Será necessário avaliar as condições em que o trabalho era desenvolvido, os riscos existentes e, principalmente, quais medidas foram adotadas pela empresa para identificá-los e preveni-los. É nesse ponto que a documentação produzida no curso da gestão de riscos ganha importância.
Análises de riscos, avaliações, medidas de prevenção, registros de acompanhamento, treinamentos, canais de denúncia e apuração de ocorrências passam a formar um histórico que pode ser relevante para a defesa da empresa.
Não basta, portanto, que exista uma política de saúde mental ou um documento elaborado para atender à NR-1.
Em uma eventual discussão judicial, será preciso demonstrar que os riscos identificados foram efetivamente considerados na gestão e, quando necessário, que houve alguma resposta por parte da empresa.
A questão é particularmente sensível quando se discute a relação entre o trabalho e o adoecimento. O art. 21-A da Lei nº 8.213/91 trata do nexo técnico epidemiológico, utilizado pelo INSS para relacionar determinados agravos às atividades desenvolvidas pelas empresas.
A empresa, por sua vez, pode apresentar elementos que demonstrem que, naquele caso concreto, não existe relação entre o adoecimento e o trabalho. Por isso, ter informações concretas sobre as condições de trabalho e sobre as medidas de prevenção adotadas pode fazer diferença na discussão.
É por essa razão que considero que o auto de infração pode ser apenas o primeiro dos problemas.
Dependendo do caso, uma discussão sobre adoecimento relacionado ao trabalho pode trazer outros desdobramentos, como estabilidade decorrente de acidente ou doença do trabalho, indenizações por danos morais e materiais, repercussões no Fator Acidentário de Prevenção (FAP) e, diante de eventual negligência no cumprimento das normas de segurança e saúde, ação regressiva do INSS.
A adequação à NR-1, por isso, não se resolve com um questionário aplicado uma vez por ano ou com a inclusão de alguns fatores psicossociais em um documento que depois ficará arquivado.

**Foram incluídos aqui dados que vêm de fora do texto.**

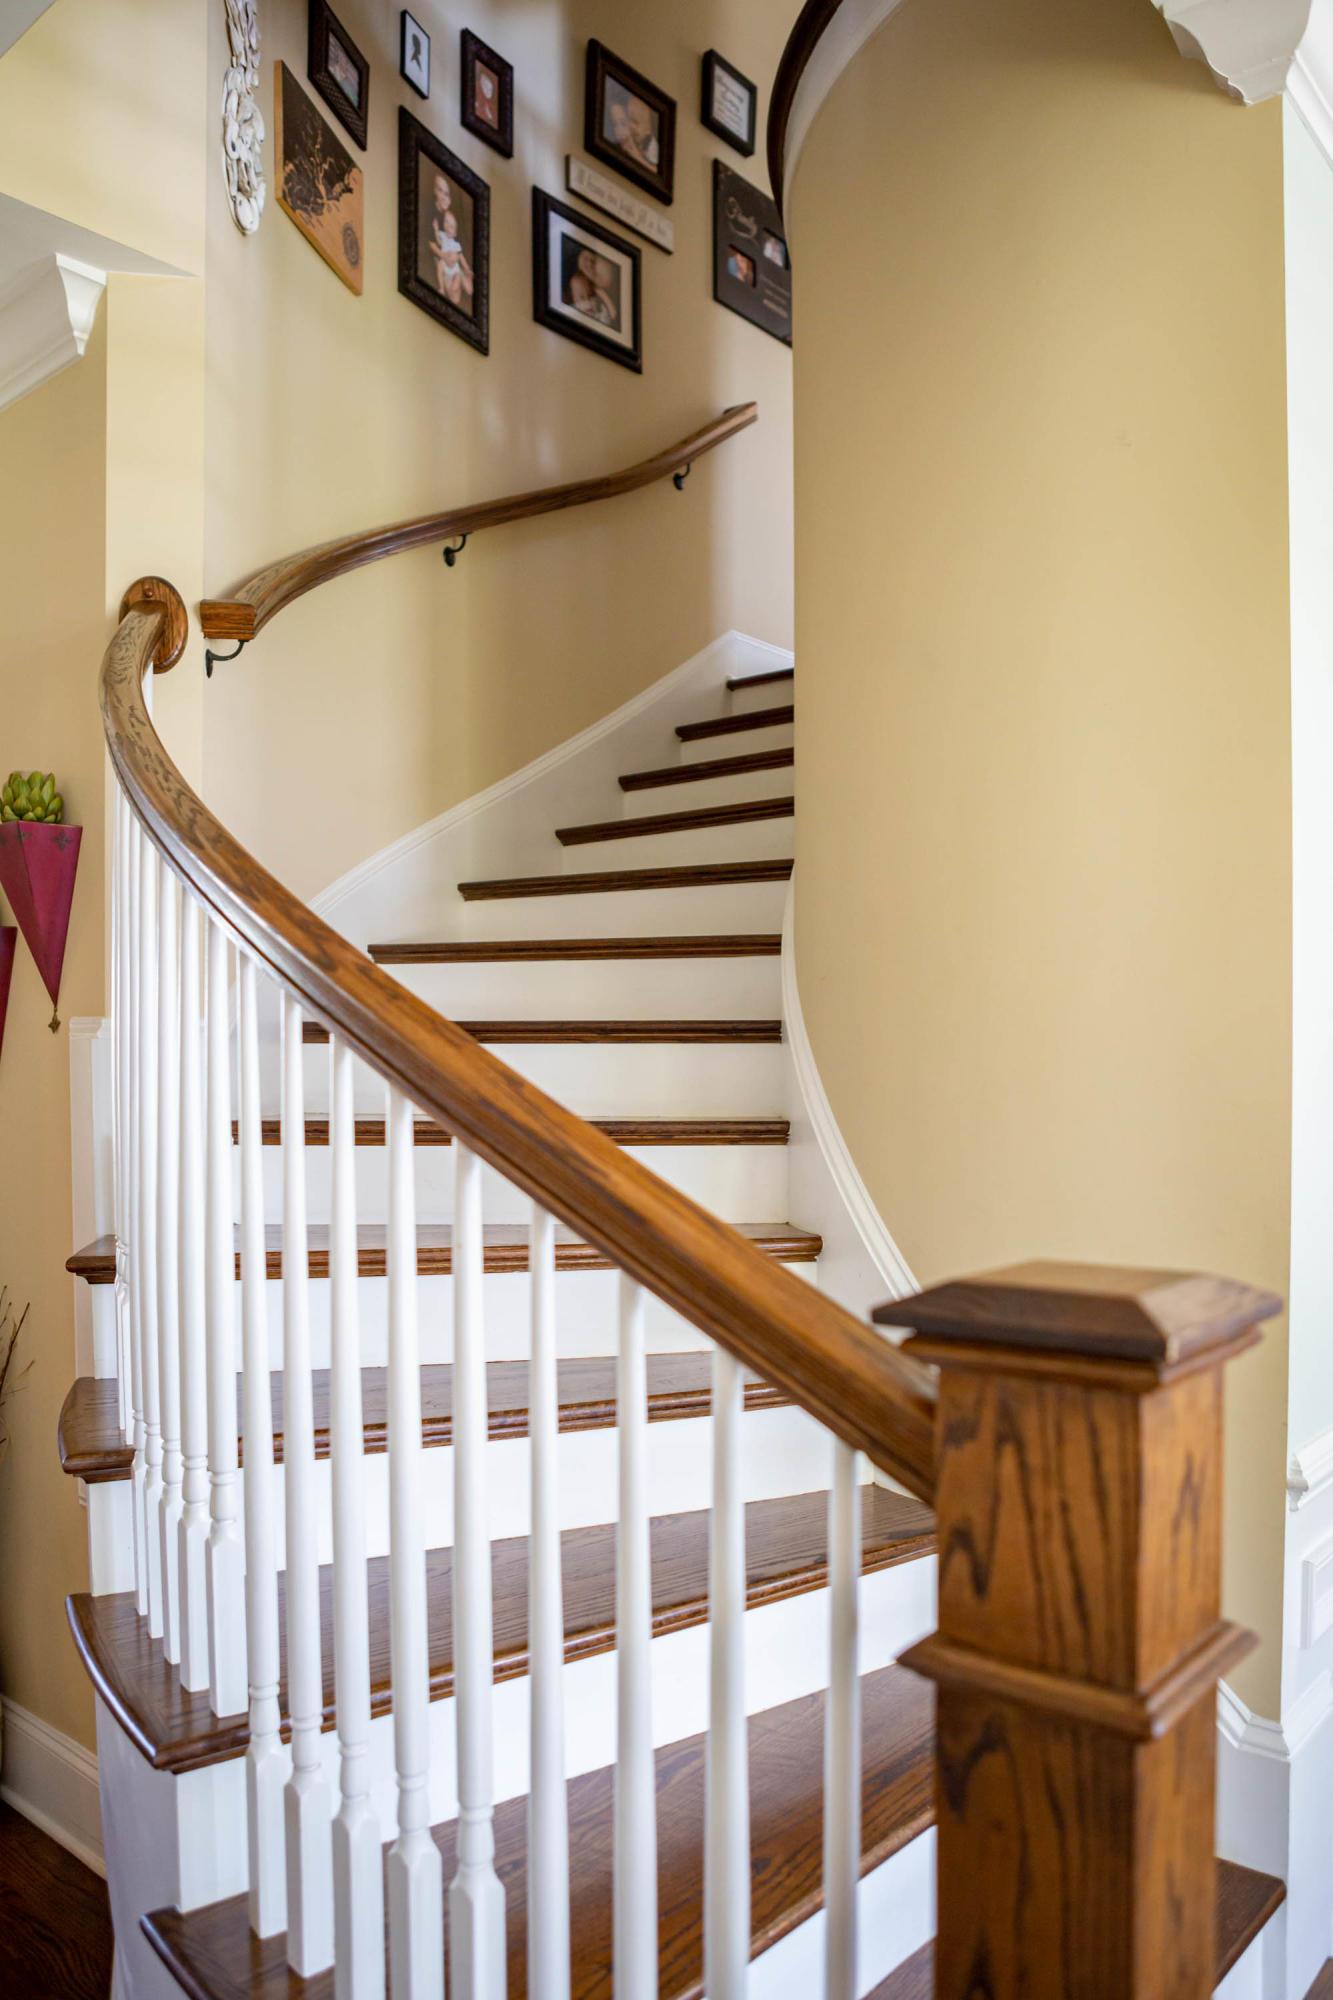 Dunes West Homes For Sale - 3216 Hatchway, Mount Pleasant, SC - 31

O canal de denúncias previsto na Lei nº 14.457/2022, os dados de absenteísmo, os registros de jornada, a rotatividade por setor, as ocorrências internas e os afastamentos podem fornecer informações importantes para a identificação dos riscos.

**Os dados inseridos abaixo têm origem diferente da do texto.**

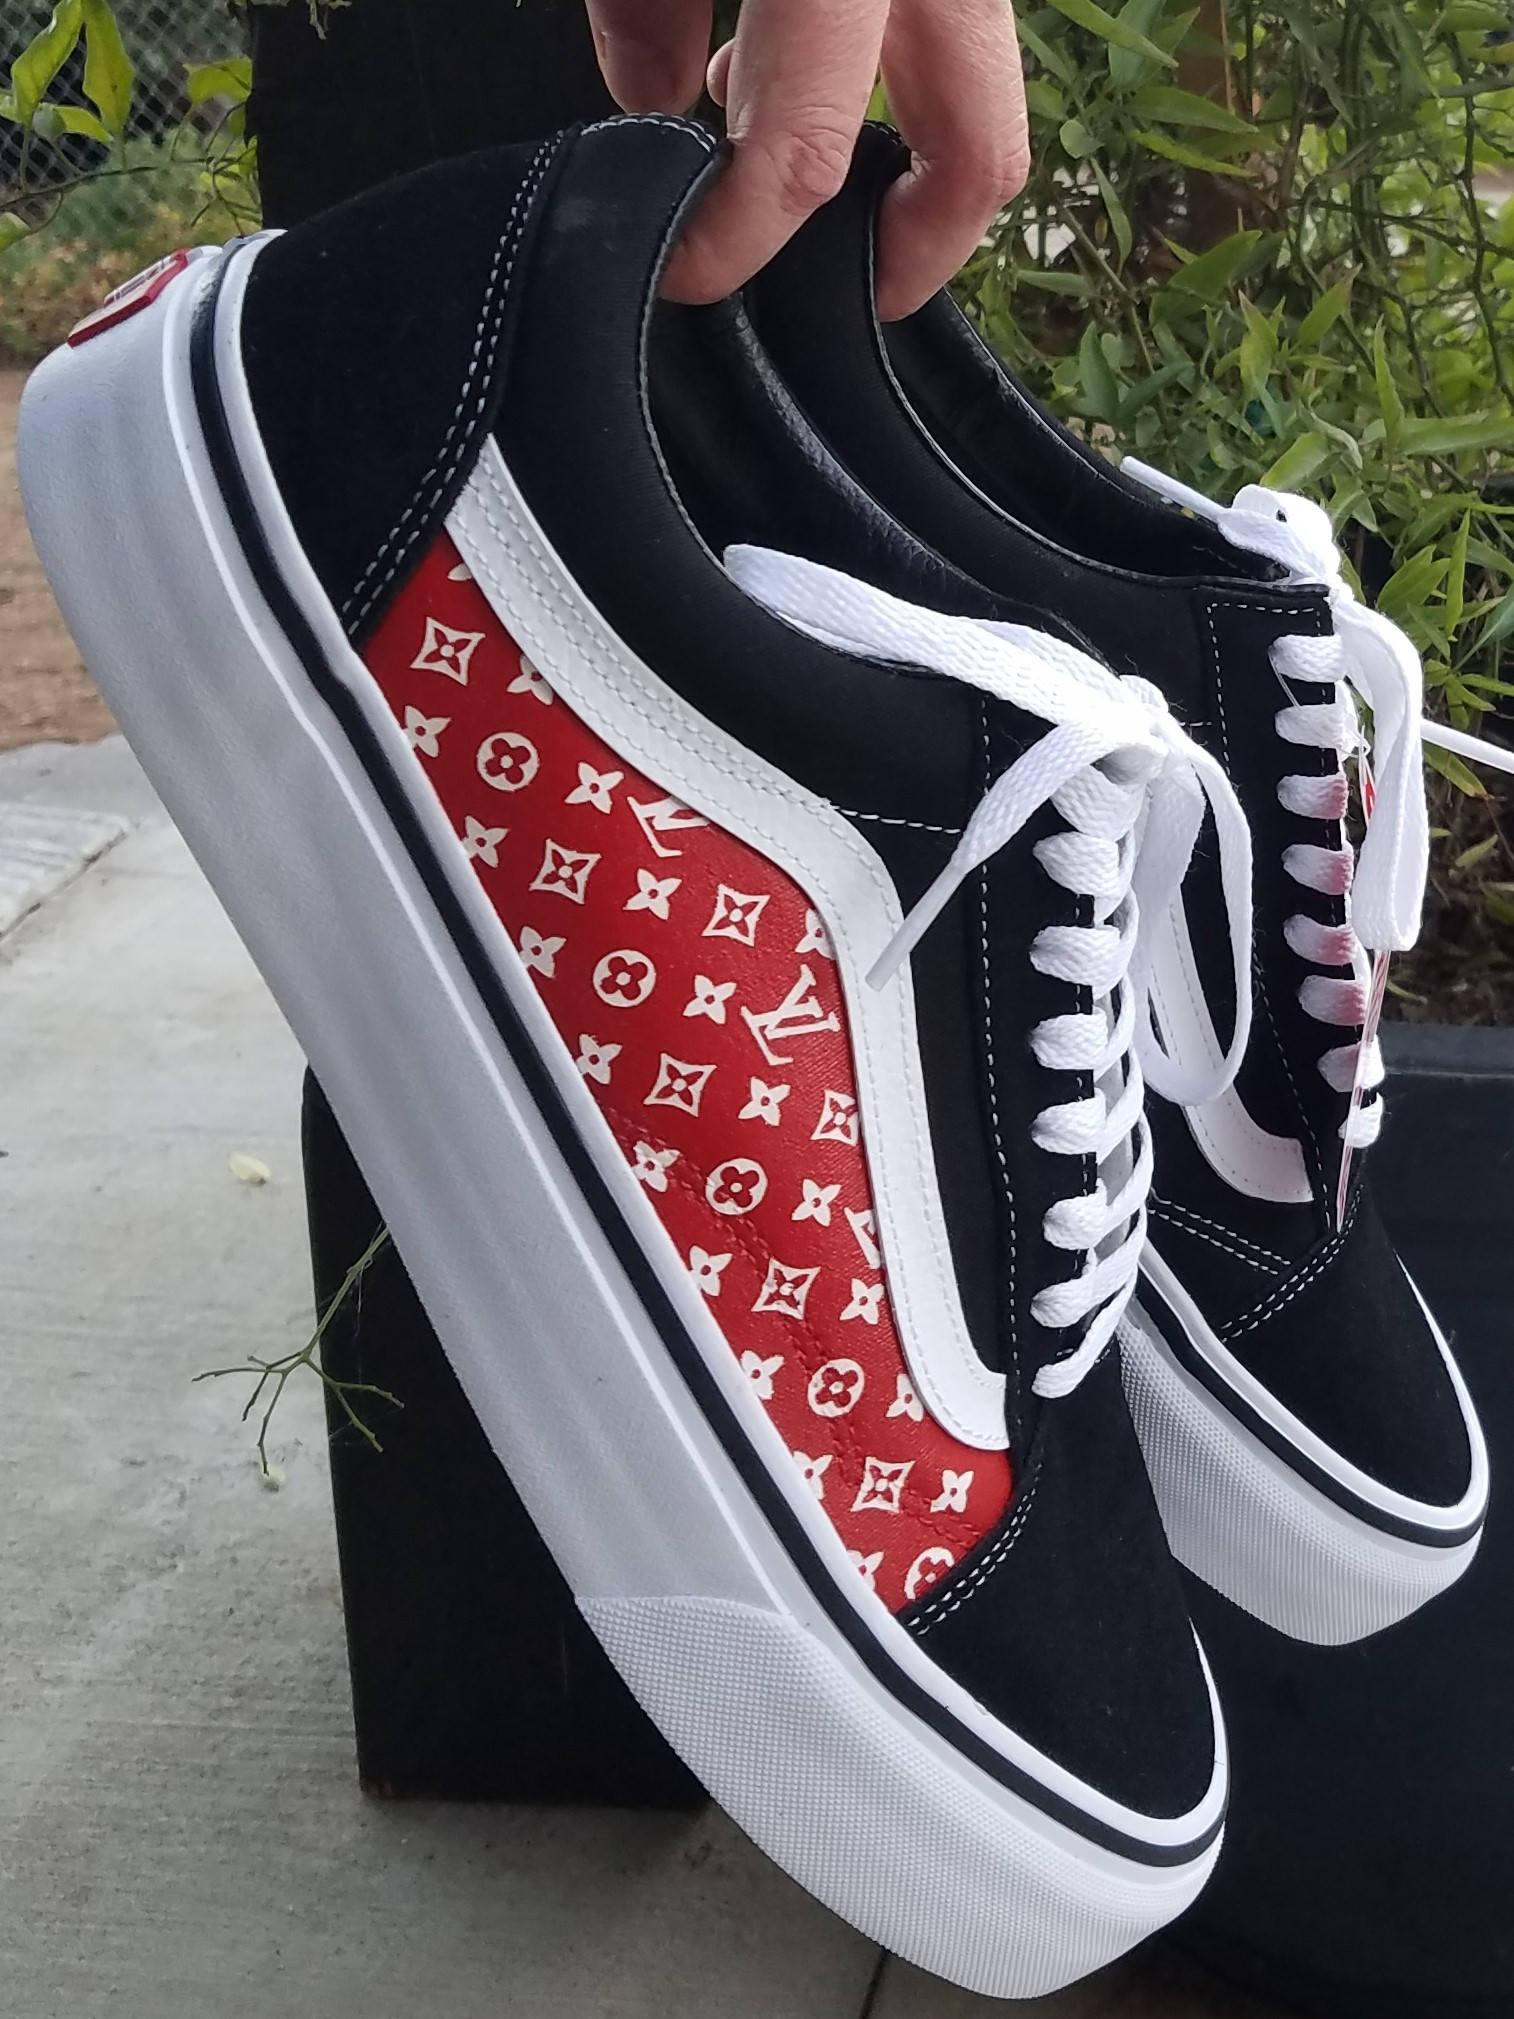 Custom Louis Vuitton Vans Shoes  38dbed3b4

O mais importante é que essas informações sejam analisadas e, quando indicarem um problema, deem origem a medidas concretas.
A Lei nº 14.831/2024, que criou o Certificado Empresa Promotora da Saúde Mental, também contribui para estimular a adoção de boas práticas, mas não substitui o gerenciamento dos riscos ocupacionais.

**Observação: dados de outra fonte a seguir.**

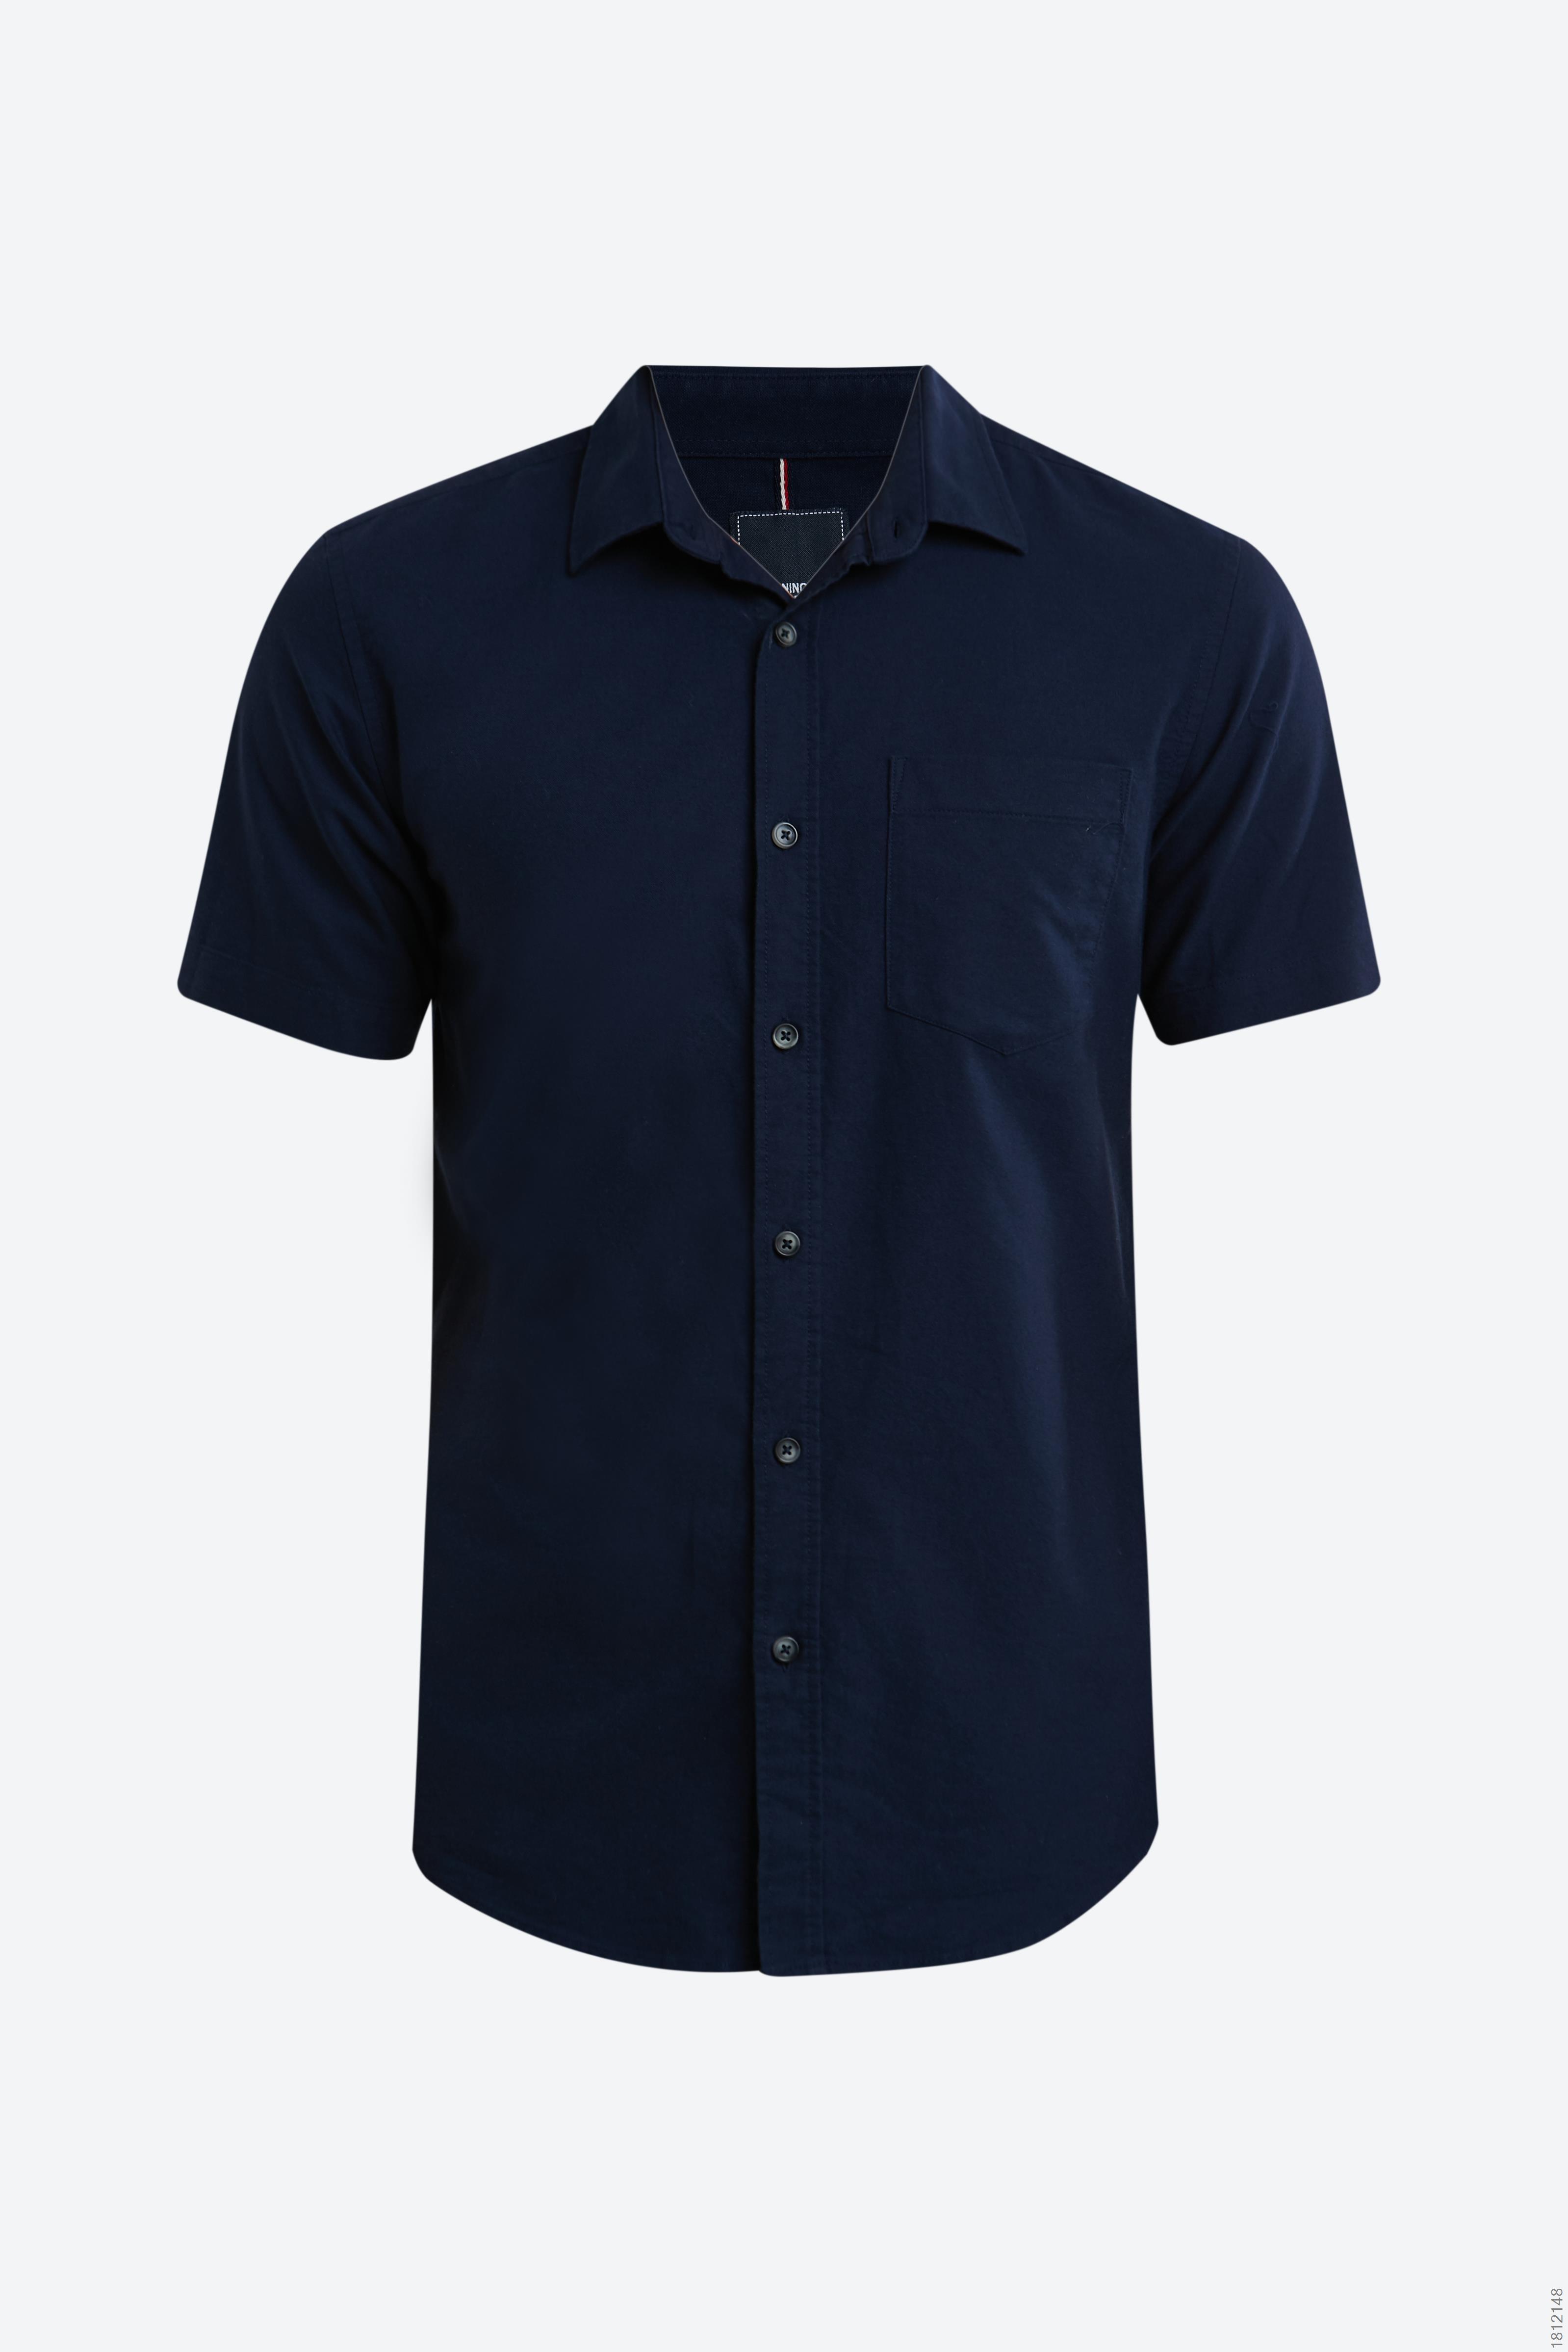 áo sơmi nam - 1812148

Da mesma forma, a existência de um certificado ou de uma política interna não será suficiente, por si só, para afastar uma discussão sobre as condições reais de trabalho.
A nova realidade exige uma atuação mais integrada entre gestão de pessoas, segurança e saúde do trabalho e a assessoria jurídica da empresa. E essa integração precisa considerar as particularidades de cada operação.
Os riscos psicossociais não são iguais em todos os ambientes, assim como as medidas de prevenção não podem ser reduzidas a modelos prontos, desvinculados da rotina de cada empresa.
No fim, a principal mudança talvez seja justamente esta, a prevenção passa a ter uma dimensão documental mais evidente. A empresa precisa não apenas adotar medidas, mas ser capaz de demonstrar que identificou os riscos existentes, avaliou sua relevância, tomou providências e acompanhou os resultados.
Quando uma discussão sobre saúde mental chega ao Judiciário, essa diferença pode ser significativa.
Entre afirmar que a empresa tinha preocupação com o tema e conseguir demonstrar, com documentos e registros, o que foi efetivamente feito, existe uma distância que a nova realidade regulatória tende a tornar cada vez mais relevante.